Both his wife and son smiled at me.

He seemed certain that he’d been here for more than just a few days. Unless the botanists had been fooling me, this simply wasn’t true.

Charleston’s wife stopped in place. A vein throbbed violently in her neck. She leaned over the table toward her husband and opened her mouth, but nothing came out. She slammed her hand flat and grabbed at the table cloth. I felt that I no longer existed in the scene. It was like I was back in the anteroom, viewing from a distance. Her chair fell to the ground as she stumbled backward and planted her back against the wall.

The boy was trembling. He stared at Charleston, waiting.

“The tone of the simulation has shifted, Charleston. Does this happen often?”

“The computer isn’t perfect. It takes liberties at times, especially when the captain is about to arrive.”

“Does that disturb you?”

“They know that there’s reason to be scared of me. There’s no programming that out.”

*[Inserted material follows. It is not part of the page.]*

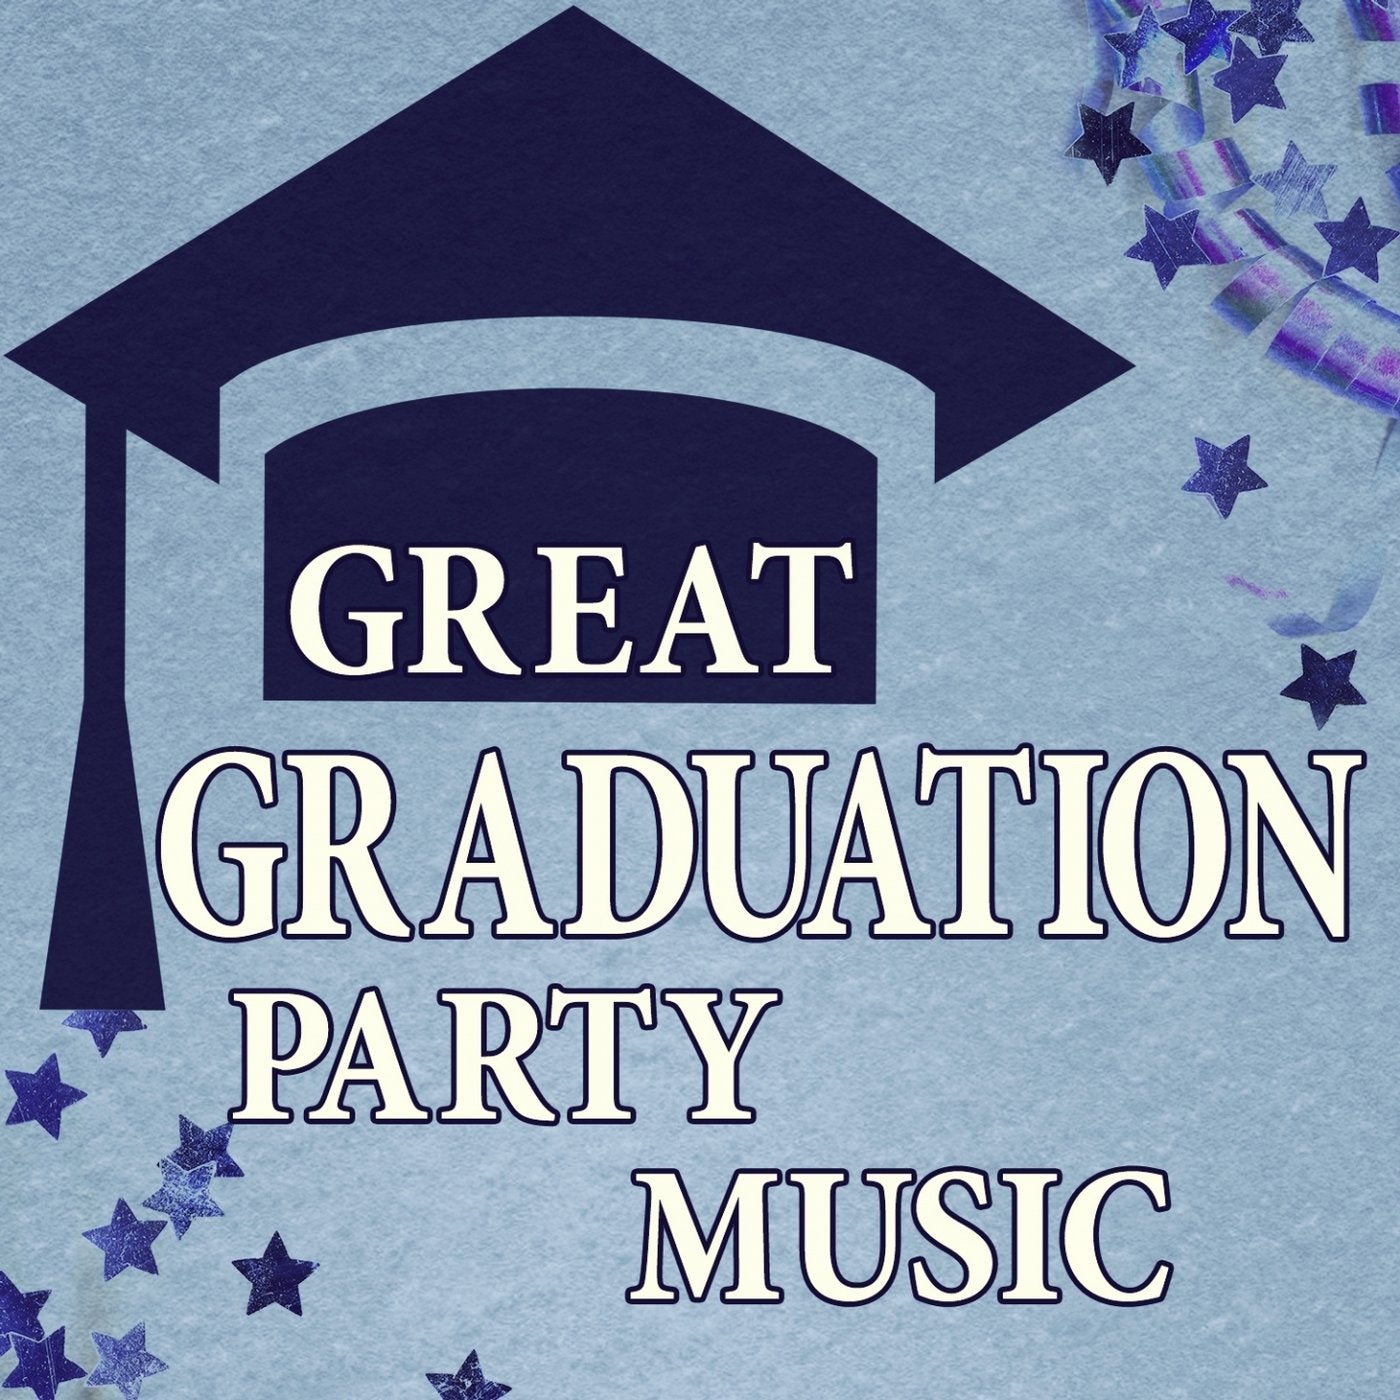 Great Graduation Party Music

“And why should they be scared of you?”

Charleston thought for a long while.

“The same reason that you’re scared of the captain. The same reason that—despite almost unanimously being scared of the captain—the whole ship, for some reason, is more terrified now that he’s gone.”

I’d begun to sweat.

I got the feeling that Charleston didn’t quite know what was going on here, but the computer did. The tone of the simulation had shifted radically without ever outwardly revealing that anything was wrong. The computer knew something that it was attempting to reveal.

Charleston’s wife now bustled between rooms, carrying the same plate back and forth. She’d set it on the table, disappear for a period, return, and take it back with her. His son had started whispering to himself again.

“You seem to know something about the captain, Charleston. Why don’t we talk about him for a bit.”

“Sure, let’s go somewhere else, first, though.”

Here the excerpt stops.